Monitoring and Health Checks

This document provides a comprehensive overview of the monitoring and health check capabilities of the IT Ticketing Service. It is intended for developers and operations personnel responsible for maintaining the application's stability and performance. The application leverages the Spring Boot Actuator module to expose critical operational information.

For instructions on running the application to observe these endpoints, please refer to the Running Locally guide.

Spring Boot Actuator

The core of our monitoring strategy is built upon Spring Boot Actuator. This module adds several production-ready features to the application, primarily by exposing a set of HTTP endpoints for monitoring and management.
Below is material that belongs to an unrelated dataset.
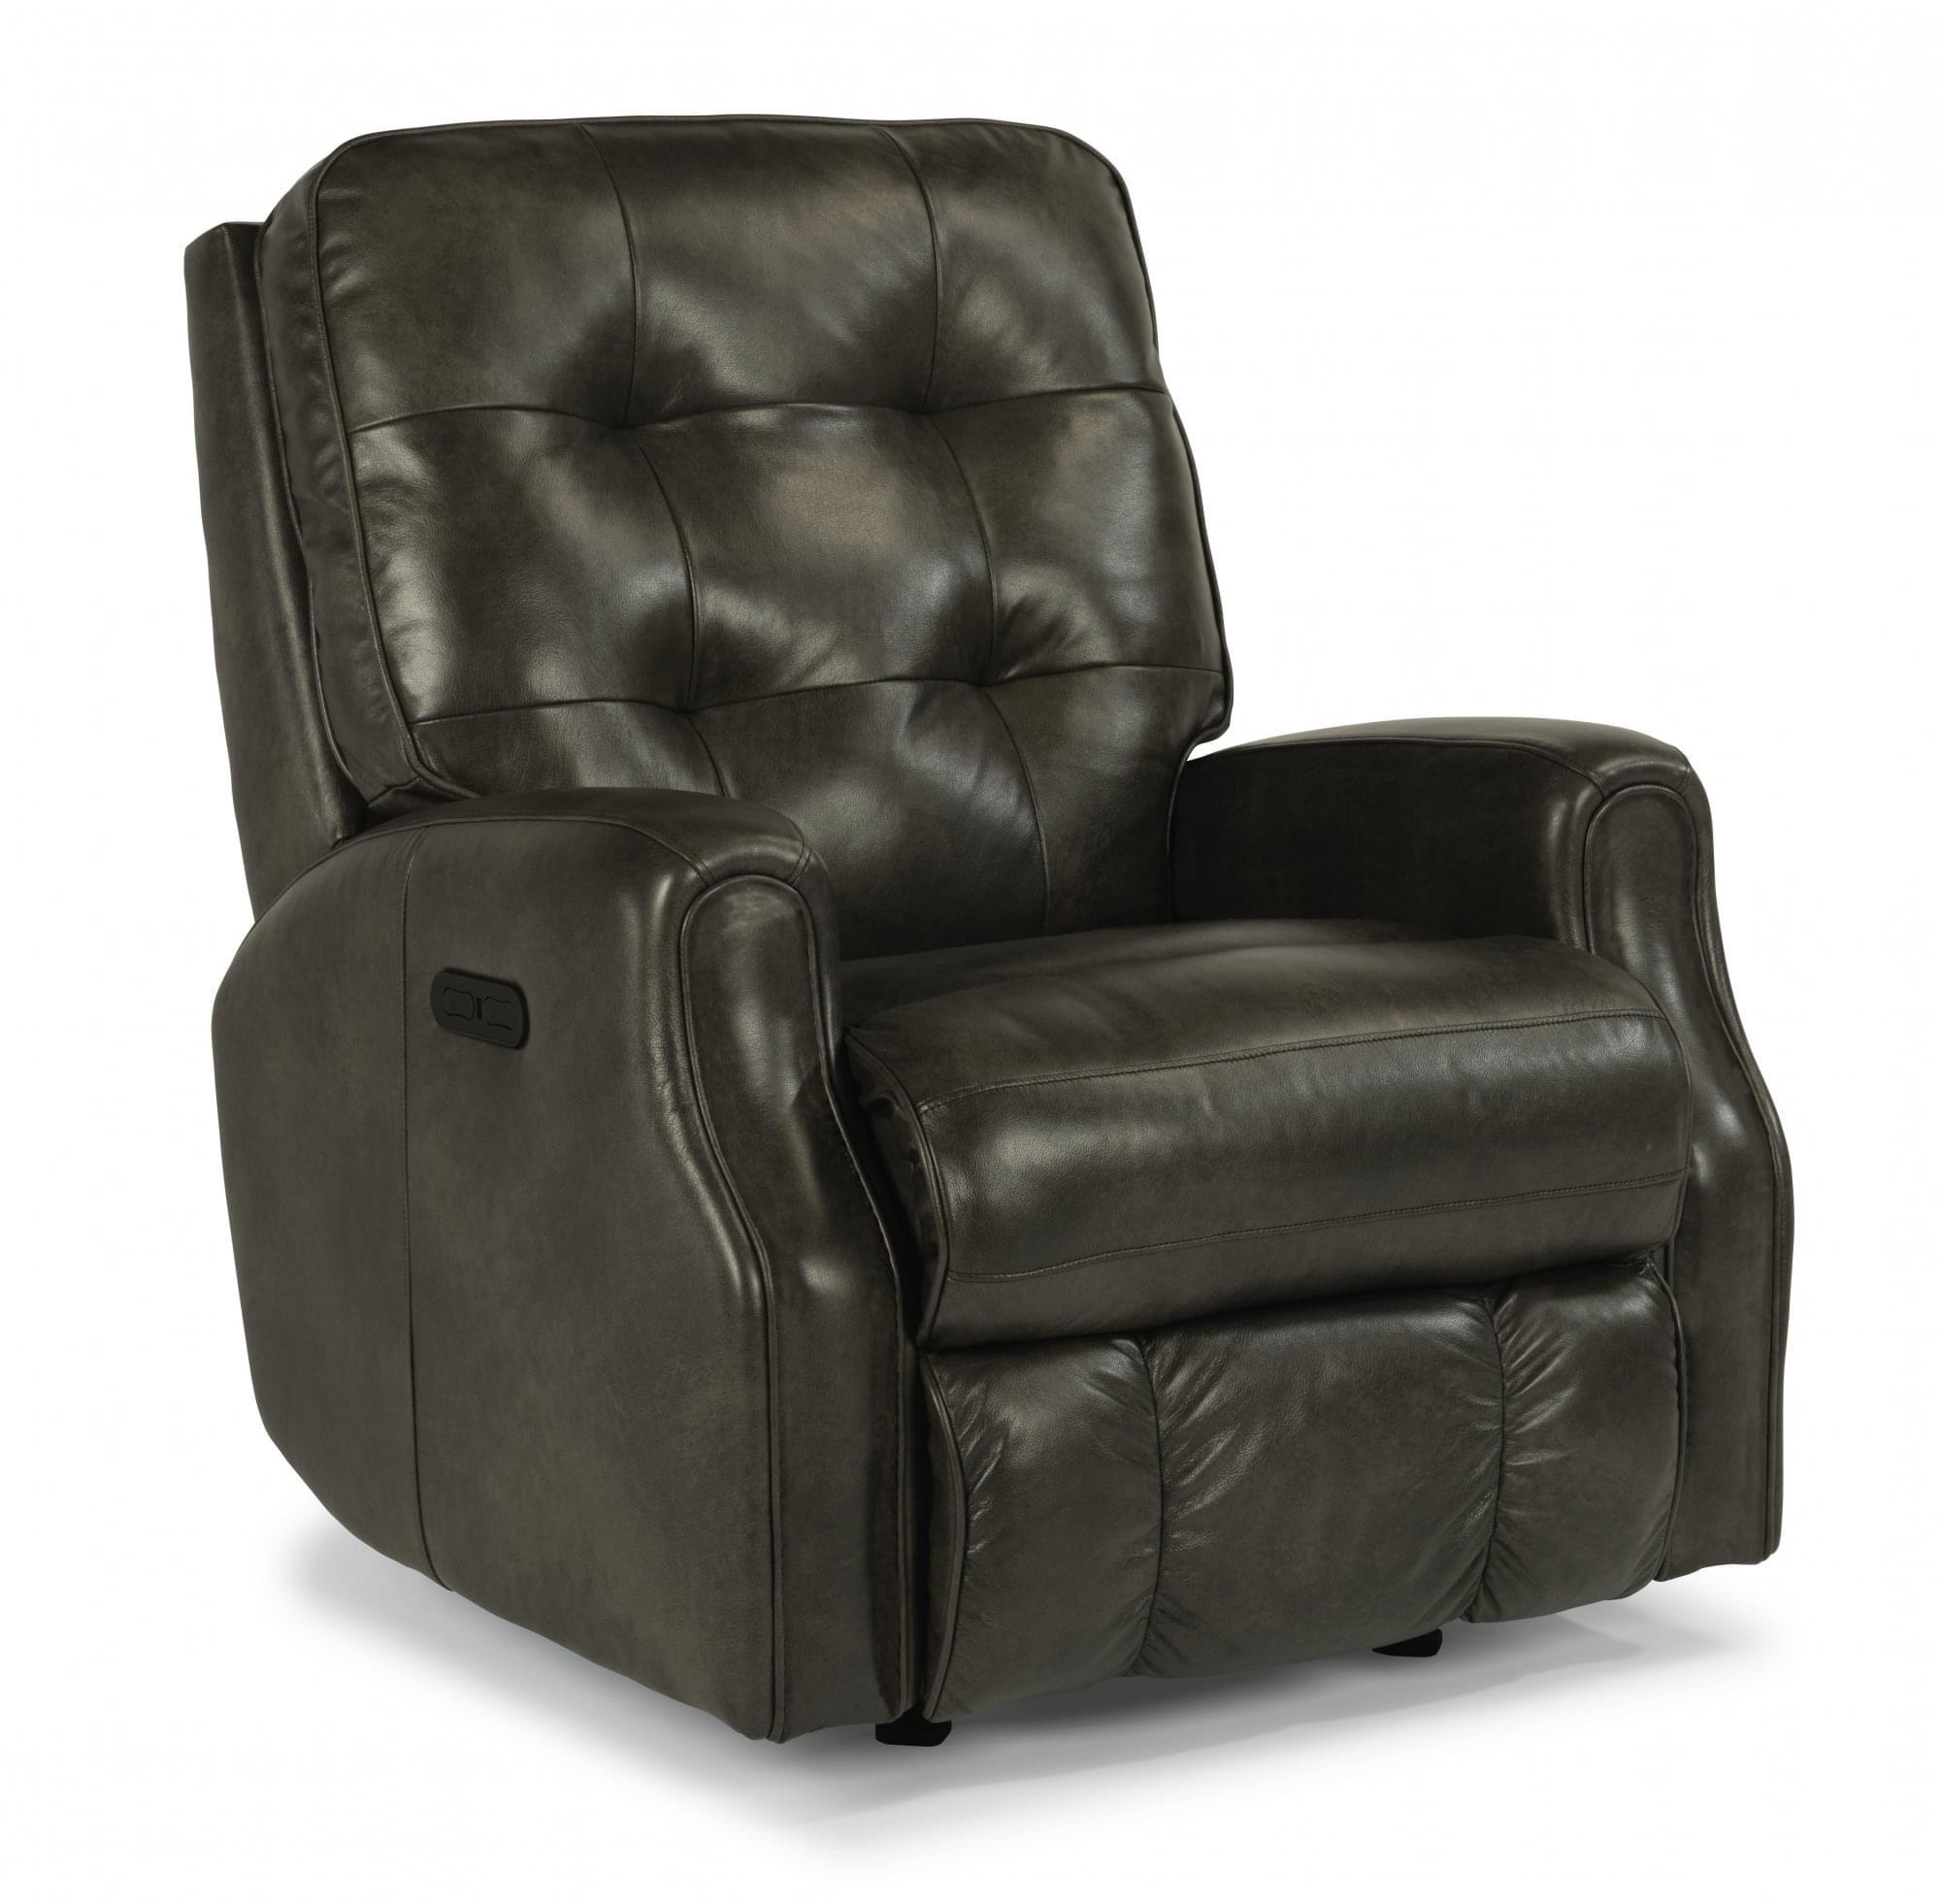 Flexsteel Devon Recliner for Living Room at Mums Place Furniture Carmel CA

Actuator Endpoints Overview

Actuator provides numerous built-in endpoints. In this application, we have explicitly configured which endpoints are accessible over the web for security and simplicity. The configuration is managed in src/main/resources/application.properties:

properties

# Actuator Configuration
management.endpoints.web.exposure.include=health,info
management.endpoint.health.show-details=always

management.endpoints.web.exposure.include: This property is a comma-separated list of Actuator endpoint IDs to be exposed over HTTP. We have enabled health and info.
management.endpoint.health.show-details: This is configured to always, meaning the /actuator/health endpoint will include detailed information from all configured health indicators, even for unauthenticated requests.
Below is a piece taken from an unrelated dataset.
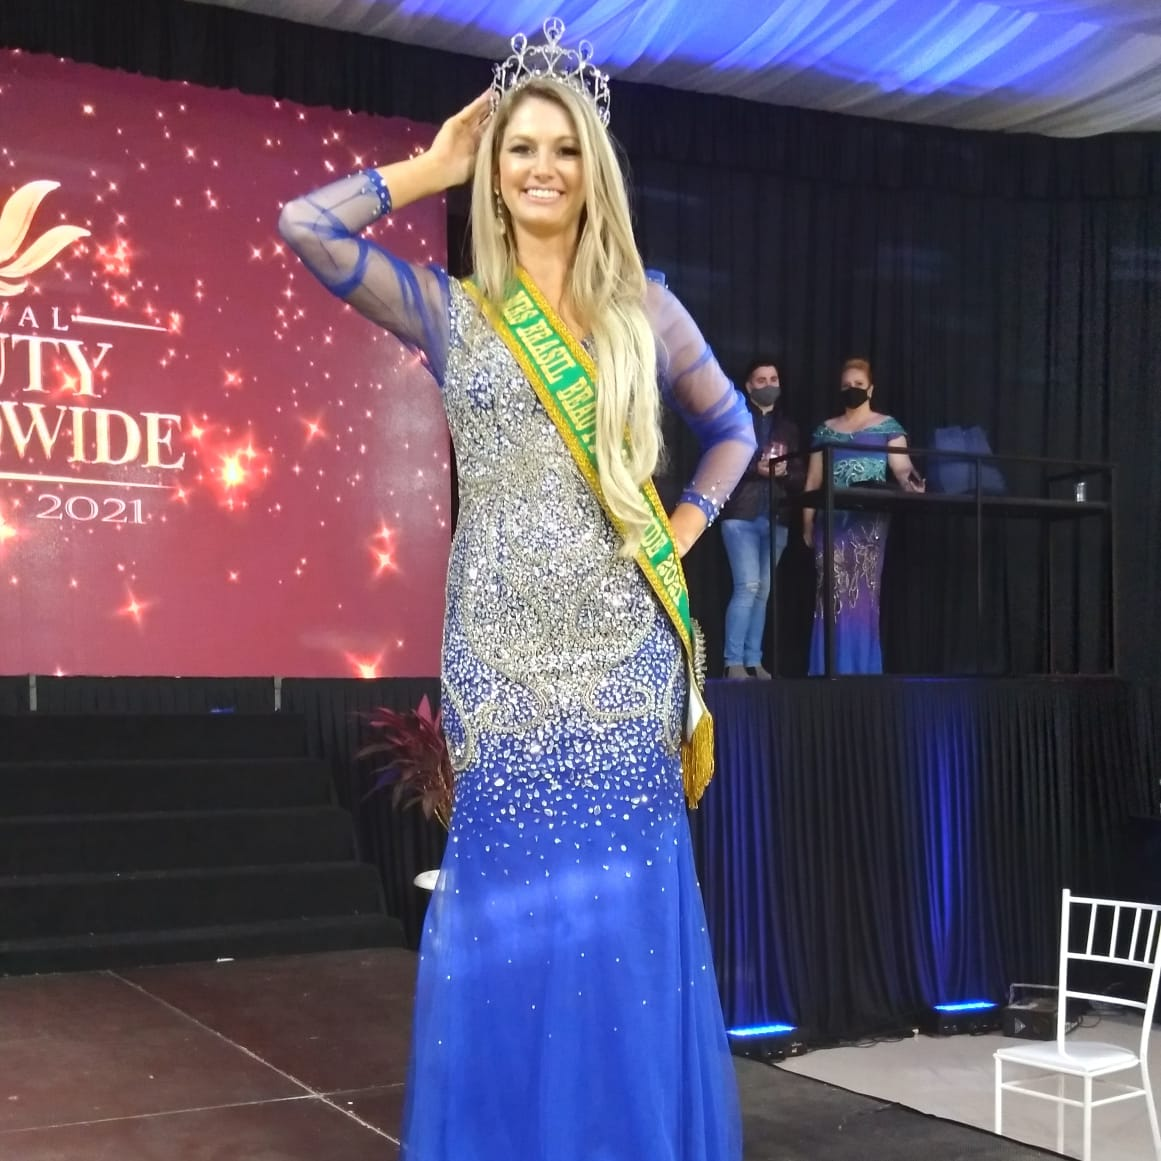 Beauty Worldwide 2021: Luizalvense é a nova Mrs. Miss Brasil

Enabling Actuator Features

The Actuator dependency is included in the pom.xml, which enables these features automatically.

xml

<!-- pom.xml -->
<dependency>
    <groupId>org.springframework.boot</groupId>
    <artifactId>spring-boot-starter-actuator</artifactId>
</dependency>

Security Considerations

By default, Spring Boot Actuator exposes only the /health and /info endpoints. Exposing other endpoints, such as /env, /configprops, or /heapdump, can leak sensitive configuration details and pose a significant security risk. Our current configuration adheres to this best practice. If there is a future need to expose more sensitive endpoints, they must be secured using Spring Security or placed behind a firewall accessible only to administrative users.

Health Check Endpoint

The health check endpoint is the primary mechanism for determining the application's operational status. It is crucial for automated monitoring, load balancer integration, and container orchestration.

GET /actuator/health

This endpoint aggregates the status of all registered HealthIndicator beans and provides a consolidated health status.

Request:

bash

curl http://localhost:8080/actuator/health

Example Response (UP):

When all components are healthy, the service reports an overall status of UP. Due to management.endpoint.health.show-details=always, the response includes the status of individual components.

json

{
  "status": "UP",
  "components": {
    "db": {
      "status": "UP",
      "details": {
        "database": "MySQL",
        "validationQuery": "isValid()"
      }
    },
    "diskSpace": {
      "status": "UP",
      "details": {
        "total": 499963174912,
        "free": 108813365248,
        "threshold": 10485760,
        "exists": true
      }
    },
    "ping": {
      "status": "UP"
    },
    "rabbit": {
      "status": "UP",
      "details": {
        "version": "3.12.12"
      }
    }
  }
}

If a critical dependency like the database or message broker is down, the component status will be DOWN, and the overall status will also be DOWN.

Health Indicators

Spring Boot automatically configures health indicators for technologies found on the classpath. For this application, the key auto-configured indicators are:

Indicator	Dependency Trigger	Description
`db`	`spring-boot-starter-data-jpa`	Checks the connection to the MySQL database by executing a validation query.
`rabbit`	`spring-boot-starter-amqp`	Checks the connection to the RabbitMQ broker.
`diskSpace`	(Default)	Checks for adequate free disk space on the volume where the app is running.
`ping`	(Default)	A trivial indicator that always returns `UP`, confirming the app is responsive.

Custom Health Checks

While auto-configured indicators cover our main dependencies, custom health checks can be created to monitor other external services or internal application states. This is achieved by creating a Spring bean that implements the HealthIndicator interface.

Example (Hypothetical):

java

// This is an example and not present in the current codebase.
// It demonstrates how to add a check for a fictional external API.

@Component
public class ExternalApiServiceHealthIndicator implements HealthIndicator {

    @Override
    public Health health() {
        try {
            // Logic to check the status of the external service
            // e.g., make a HEAD request to a status endpoint
            int statusCode = checkExternalService();
            if (statusCode == 200) {
                return Health.up().withDetail("service", "Available").build();
            }
            return Health.down().withDetail("service", "Status code: " + statusCode).build();
        } catch (Exception ex) {
            return Health.down(ex).build();
        }
    }

    private int checkExternalService() {
        // ... implementation ...
        return 200;
    }
}

Readiness and Liveness Probes

For containerized environments like Kubernetes, Actuator provides distinct liveness (/actuator/health/liveness) and readiness (/actuator/health/readiness) probes.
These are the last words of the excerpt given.